Whenever you comment on science it seems like you don't understand it. Scientists don't think they completely understand everything, and they understand that their theories will change as they learn more. Biologists are excited about this discovery because it means things are even more interesting and complicated than they originally understood it to be. It means they will all have jobs because there are things that need to be understood better.
No scientist thinks that their theory is complete. They all know that they don't understand everything. That's why it is exciting.
To which I would add that it is speculation that is ego-based, not observation.
b/w
Monkeys already have brains.
um, NASA gets excited about traces of water in space because while you are correct that water/phosphorus/sulfur may not be a prerequisite for life, they are prerequisites for organisms/life as far as we can detect. until this bacteria, there was no life on earth that could survive without phosphorus.
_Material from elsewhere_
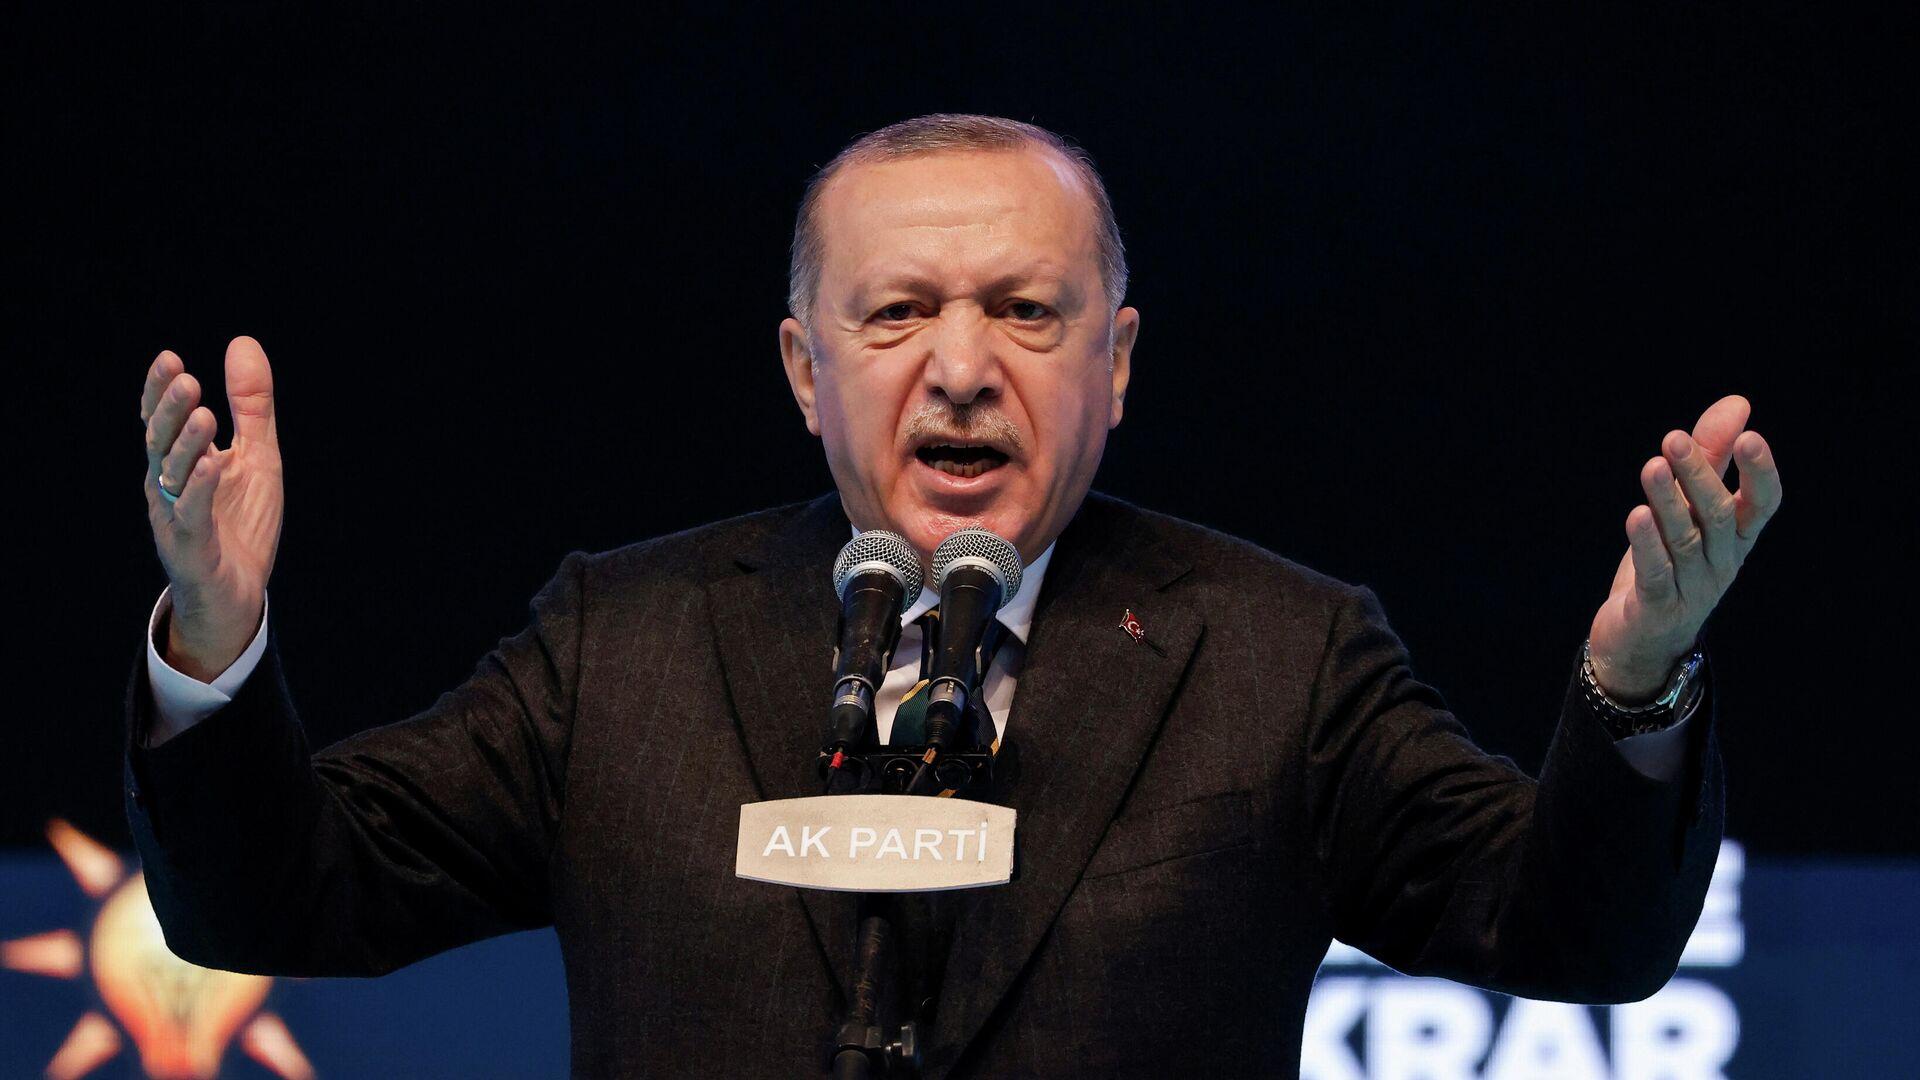 Recep Tayyip Erdogan, el presidente turco - Sputnik Mundo, 1920, 14.04.2021

completely independent? the bacterium has shown the ability to replace phosphates with arsenates. its growth is significantly slowed by this process and when phosphates are reintroduced, its growth goes back to being normal. its exciting, dont get me wrong, but its more three card monty than an independent form of life.
Would you eat a fish caught in Mono Lake??
b/w
No fish can live in it's waters and that's why it's referred to as "poison".
http://pipeline.corante.com/archives/2010/12/02/life_with_arsenic_whod_have_thought.php
yeah, you're right - i was being over-excited with "completely independent". so if i understand you right, this is something that they think mutated from something already evolved?
oh wow - that's a very different scenario than i imagined from the earlier (brief) press reports earlier today.
what are some other Cosmos-esque tunes?